On his first day in high school, Cobb ran into a teacher who had been a friend of his dad. The teacher looked at his schedule, rearranged it and sent him off to the office to make sure he was properly enrolled.
“He messed with my schedule and changed everything then told me to go fix it because I was wrestling in first period,” Cobb said.
Not knowing a thing about wrestling, Cobb questioned the decision.
“Basically, what he told me was that I was going to have to go out and under a set of rules whip somebody’s butt who was my size,” Cobb said. “That had never happened before in my life.”
Now, sitting in his newly renovated office in Hutcherson Center, Cobb is trying to impart that passion into a new group of wrestling fans in a college and community setting that is unfamiliar with the sport. Wrestling, he said, is probably the oldest and purest form of athletic competition in existence.
“It is such a one-on-one physical battle,” Cobb explained. “It requires a tremendous amount of conditioning. Every single muscle you have in your body is being pulled, used and strained in every direction. Comparatively speaking, within a 60-minute football game, there are about eight minutes of live action. In a wrestling match, there are seven minutes of non-stop live action.”
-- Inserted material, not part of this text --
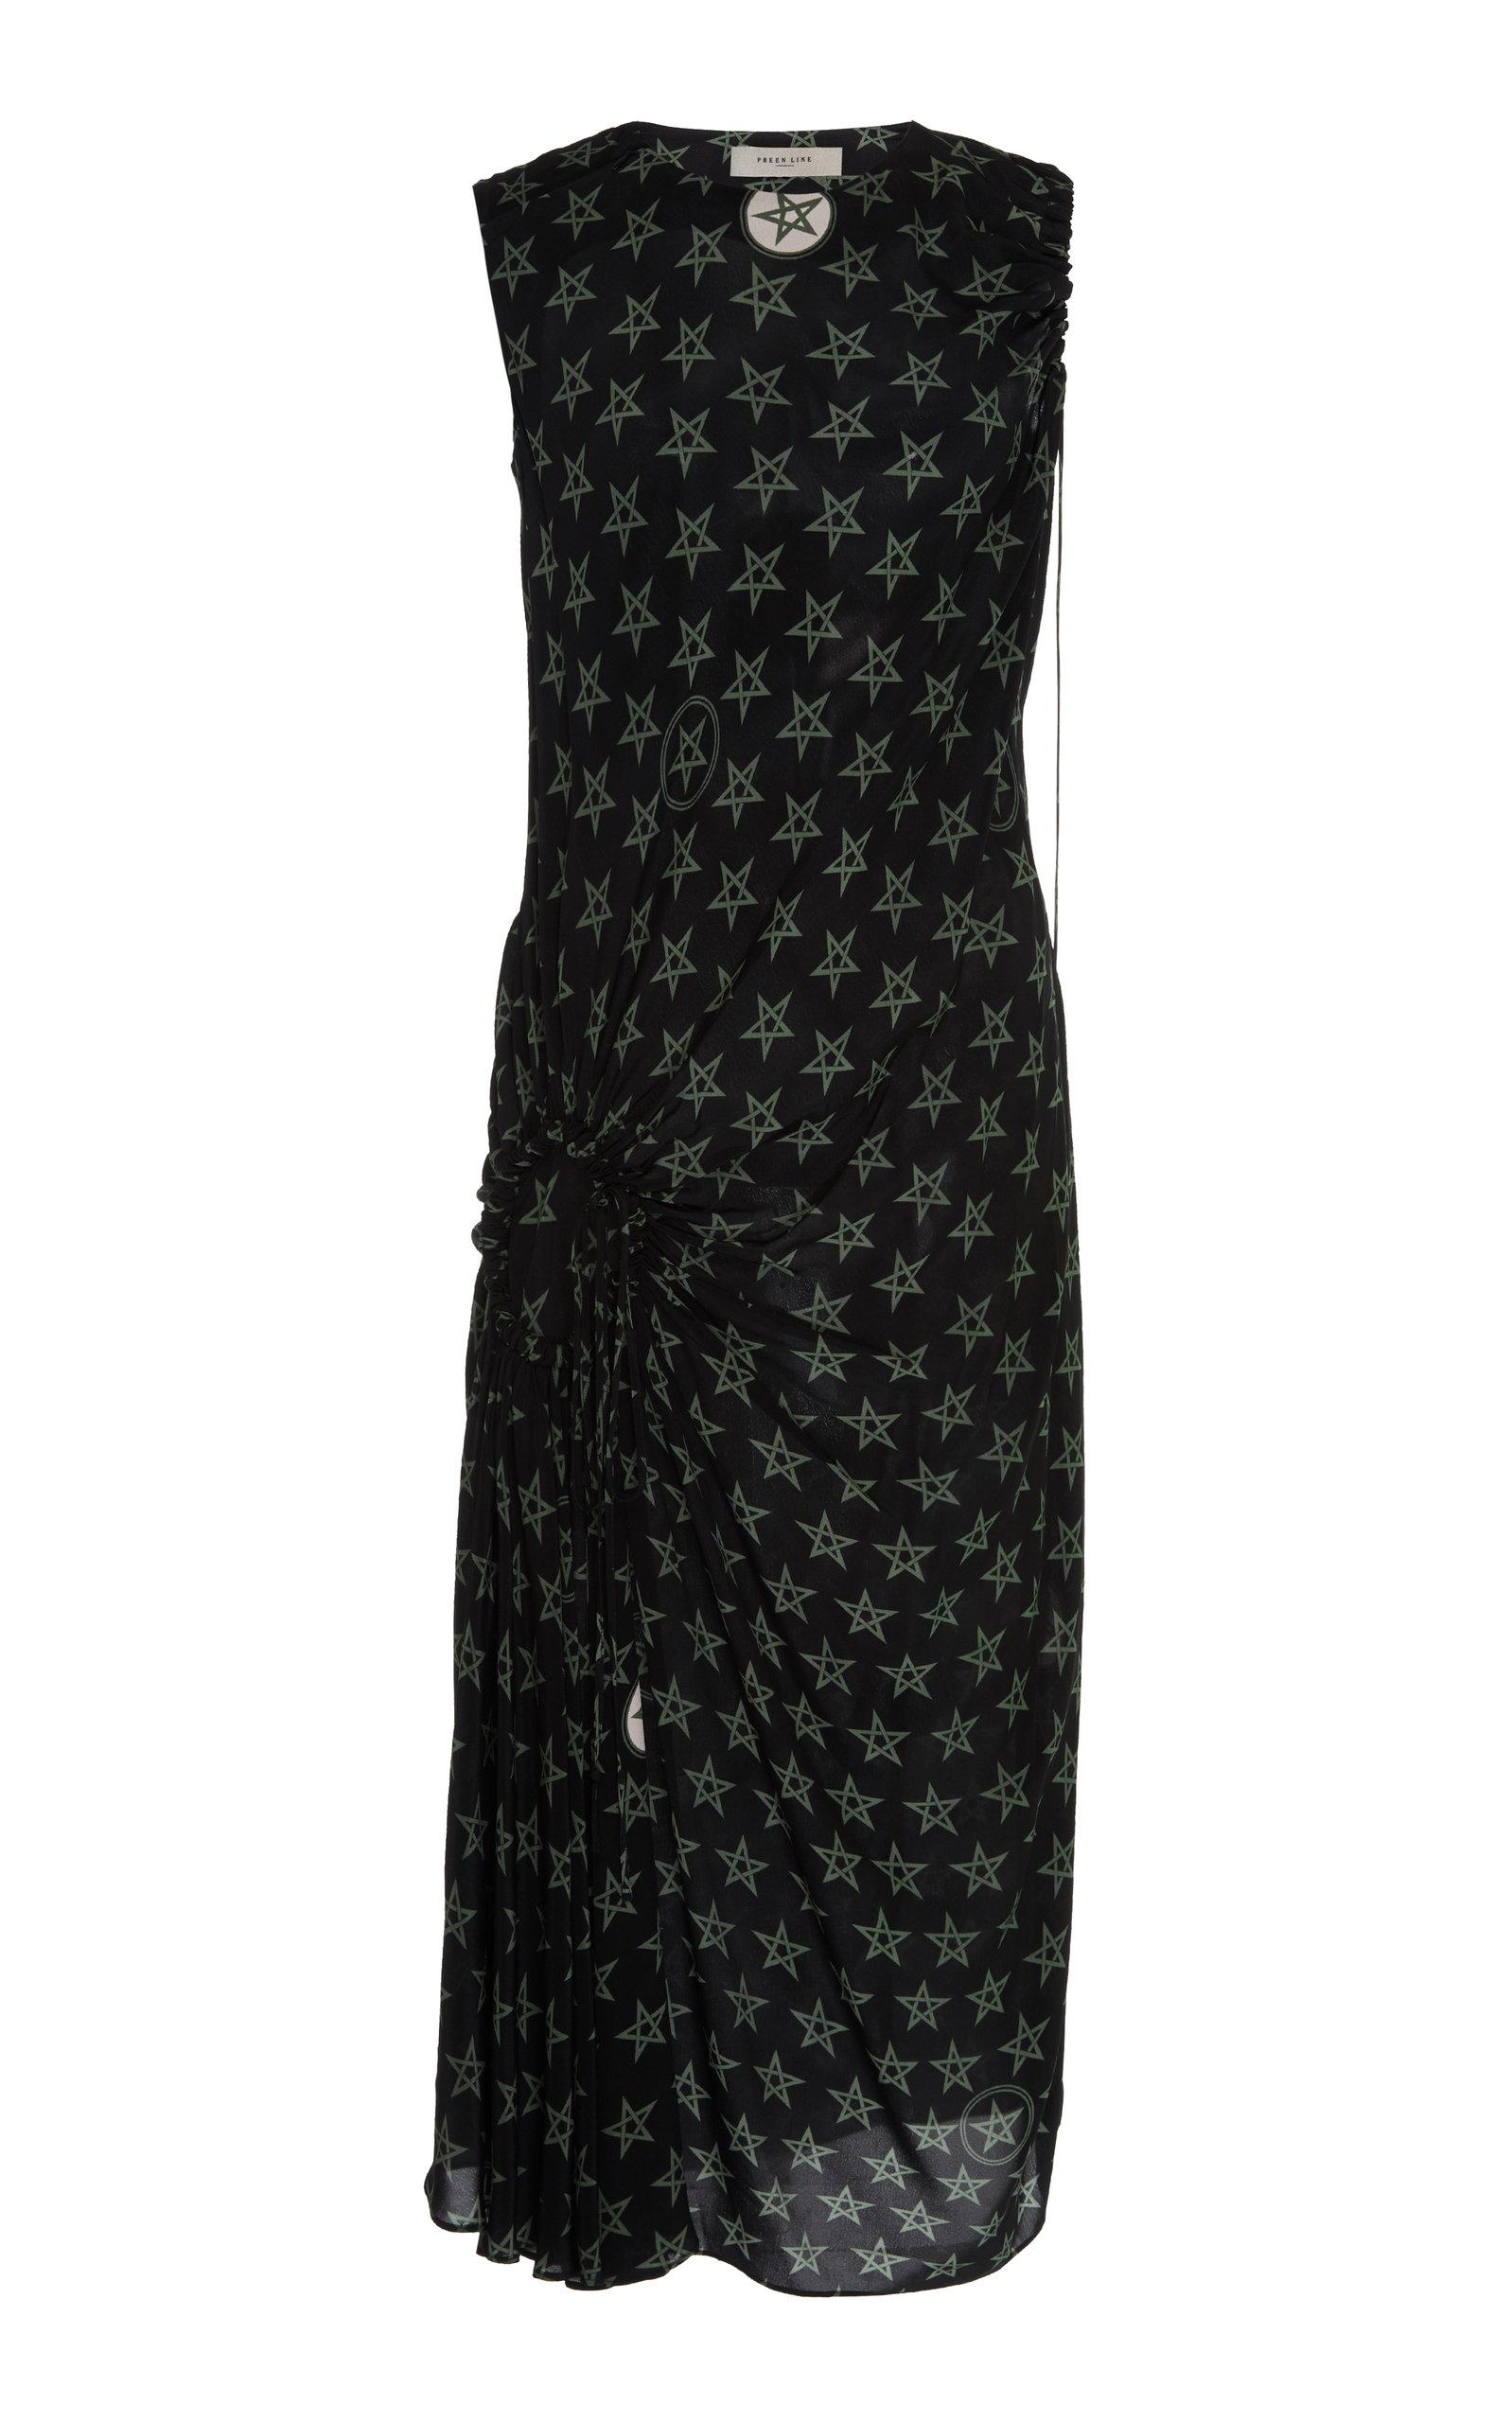 Buy Preen Line Aida Star-Print Jersey Dress online, shop Preen Line at the best price

The point of each mach is fairly simple: Pin your opponent. A pin fall is awarded when a wrestler’s shoulders or shoulder blades come in contact with the mat for two seconds. At that point, the match is over.
While trying to pin their opponent, wrestlers also register points for other techniques and accomplishments throughout the match. Two points are awarded for a takedown that occurs when the wrestlers are standing on their feet and one wrestler takes the other one down to the mat and has control of his/her opponent.
Two points are also awarded for a reversal, which occurs when one wrestler is in a down position and is being controlled by the opponent, and the wrestler then reverses the situation whereby he/she is now the one in control. Wrestlers are awarded a single point for an escape that occurs when a wrestler who is being controlled in a down position gets up and away to the neutral standing position.
Two or three points are awarded for near pins that occur when a wrestler puts the opponent in his/her back. If the hold is for two seconds, two points will be awarded. If a wrestler holds the opponent on his/her back for five or more seconds, three points will be awarded. Penalty points may also be awarded for rules infractions such as illegal locking of the hands, illegal holds, stalling and unsportsmanlike conduct.
Wrestlers at Wayland will compete in collegiate style wrestling. Collegiate is different from freestyle or Greco Roman. Although the term Greco Roman has been used to describe wrestling, Cobb said it is a very rare form that just isn’t practiced much any more. Greco Roman focuses mainly on the upper body and does not allow for lower body attacks and takedowns. Wrestlers score with upper-body throws.
Most of the world participates in freestyle wrestling, with the United States being the only country to offer collegiate wrestling. The main difference between the two is that it is more difficult to score for back exposure in collegiate wrestling. A wrestler must have control and hold it in order to earn points for back exposure in collegiate wrestling. In freestyle, simply exposing the back and rolling across it will earn points.
The other difference is that freestyle wrestling begins each round with both wrestlers on their feet. In collegiate wrestling, the first round starts with both wrestlers on their feet. The two subsequent rounds begin with one wrestler down in a “referee’s position” and the other wrestler on top in a controlling position. The goal for the bottom wrestler is to escape while the wrestler on top tries to maintain control and pin his opponent. The grapplers switch positions in the final round. The first round is a three-minute round with the other two lasting only two minutes.
Wrestlers compete in weight divisions ranging from 97 to 196 pounds for women and from 125-285 for men. The weight limits break down into a total of 10 divisions. A wrestler must weigh in at or below the weight at which he/she competes. Cobb explained that maintaining weight is a difficult part of wrestling.
“Not only is the sport so physically demanding, but you have to watch your weight at all times,” he said. “You have to be on that weight or under it, and they cut you no slack.”
Wrestlers weigh in approximately one hour prior to their individual events.
Cobb has been recruiting hard to bring wrestlers to Wayland and has talked to athletes from California, Kansas, New Mexico, Colorado, Oklahoma and Louisiana, as well as Texas. He has officially signed four wrestlers and has verbal assurances, although he wouldn’t go so far as to say commitments, from many others. Cobb would like to bring in 30 men and 30 women to compete in the inaugural 2010-11 season. Wrestling seasons run through both semesters similar to the basketball season.
“I think we are going to have a really good group,” Cobb said. “But I’ll sure feel better when I actually see them in wrestling shoes in August.”